Senate Democrats Say End Is Near for Coleman
By Kathleen Hunter, CQ Staff
Senate Democratic leaders said Thursday that they see a light at the end of the tunnel in the protracted Minnesota Senate race and expressed confidence that Democrat Al Franken would fill the vacant seat in a matter of weeks.
“The projections — and they’re not locked in — are that this should all be finished by the very beginning of April,” said New York Sen. Charles E. Schumer , who headed the Senate Democrats’ campaign efforts during the 2008 cycle.
A three-judge panel in Minnesota is currently refereeing Republican Norm Coleman’s attempt to have enough ballots counted in his favor to erase a 225-vote margin of victory that a state canvassing board awarded to Franken in January. But Coleman has suffered a series of setbacks in the trial.
“We’re very confident,” Schumer said. “We keep gaining.”
Majority Leader Harry Reid , who has repeatedly declared Franken the winner but has stopped short of trying to seat him as Coleman has continued his legal appeals, said Coleman should concede.
“There’s going to come a time when Coleman’s going to have to recognize that he’s lost — he’s lost this election,” Reid said. “This should have been over a long time ago.”
Reid urged Coleman to “have a five-minute conversation” with Nevada GOP Sen. John Ensign , noting that in 1998 Ensign conceded a close race to Reid that was decided by less than 500 votes. Unlike Coleman, Ensign, who chaired the National Republican Senatorial Committee in the 2008 cycle, did not throw the close race into the state court system.
Coleman, now a consultant and strategic adviser for the Republican Jewish Coalition, attended the Senate GOP’s weekly policy lunch this week and expressed confidence that he would be deemed the winner. But Schumer said the former one-term senator was “getting a little bit desperate.”
“The people of Minnesota are very fair people, and they’ll grant him appeals,” Schumer said. “But sooner or later this is going to come to an end.”
Ensign said Coleman’s challenges are “the right thing to do.”
“I stand firmly behind Norm Coleman and his efforts to ensure a fair election and I look forward to having him back in the Senate when the election contest is completed,” Ensign said.




Comments
Give it up Coleman, you lost.Take your ball and go home, we don't want you in Minnesota politics anymore. Go back to New York.

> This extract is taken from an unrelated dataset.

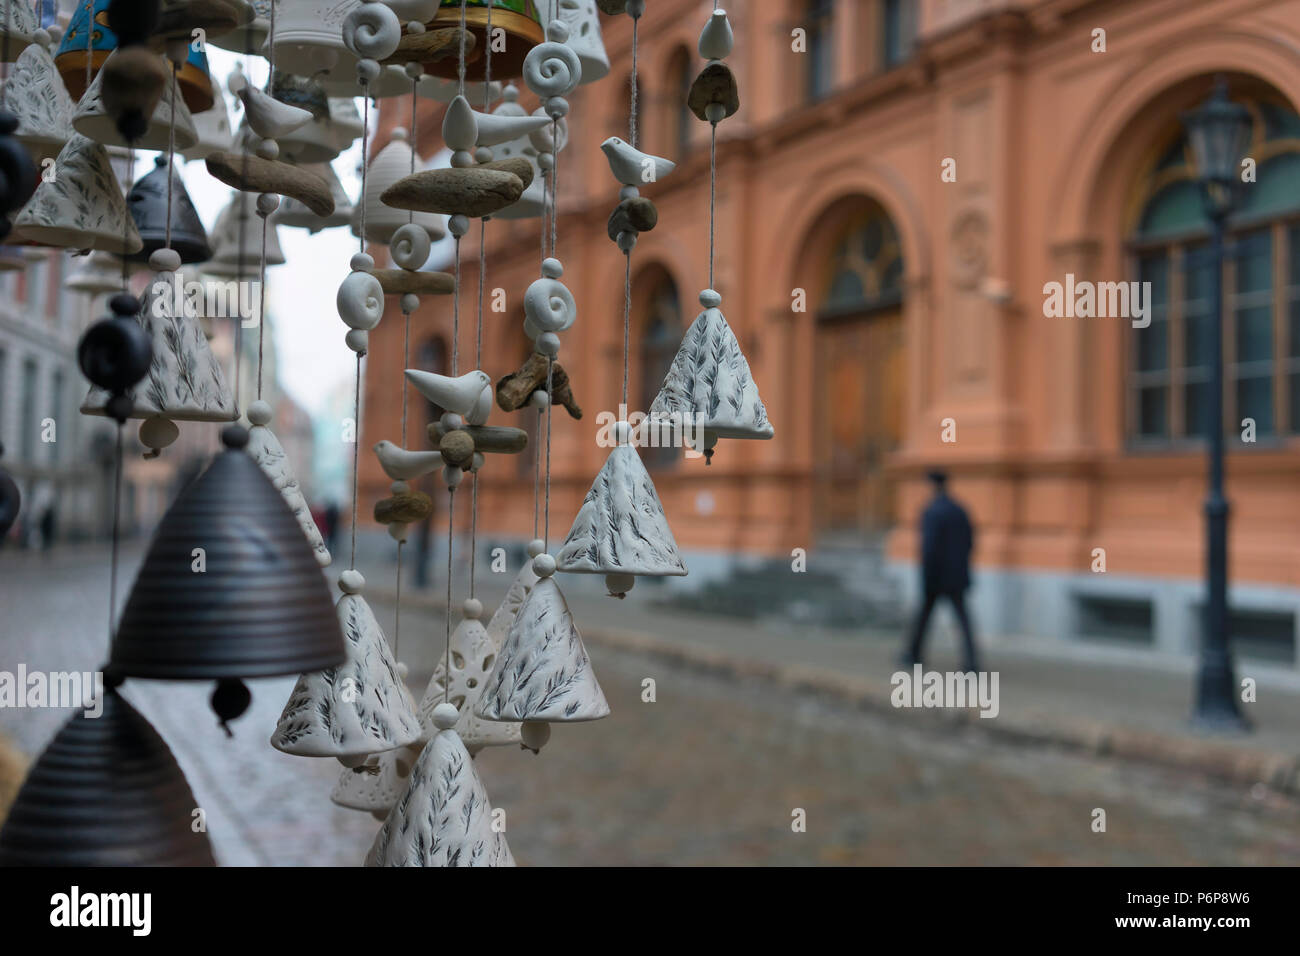 Dekorative Keramik Glocken böse Geister auf den Weihnachtsmarkt in der Altstadt von Riga zu erschrecken Stockfoto
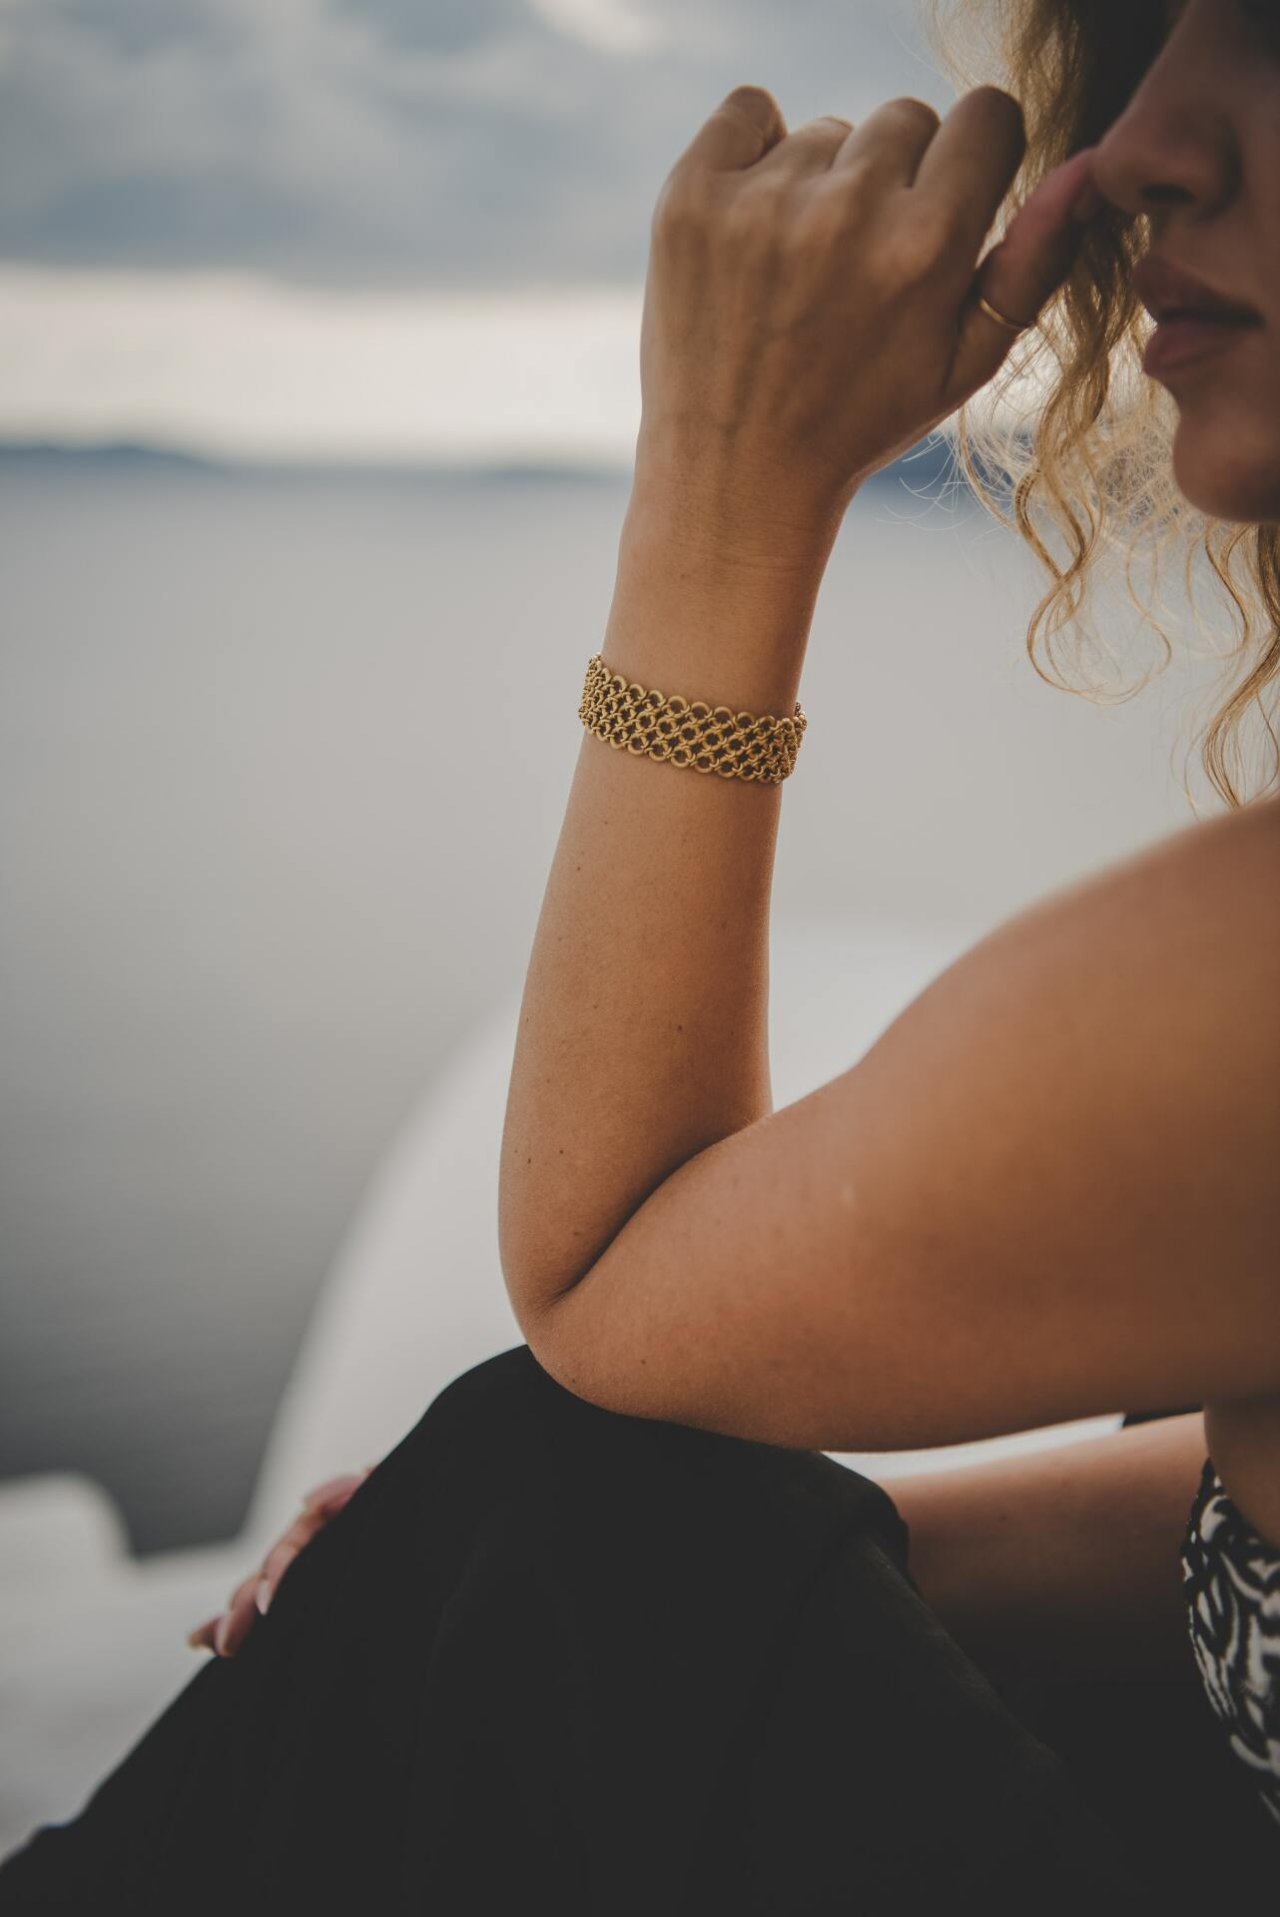 Złota bransoletka na ręce kobiety w lokach

1. Given the fact that MN has a glaringly larger pool of eligible voters that NV the less-than-500-vote-margin comparison seems a bit obtuse. 2. By choosing to follow the Gore model of 2000 rather than the Nixon model of 1960 (yes, both presidential races, at least to this day, indeed remain controversial) Coleman may have irreparably wrecked any chance of resurrection in elective politics anywhere, even in his adoptive Gopher / "North Star" State or native Empire State.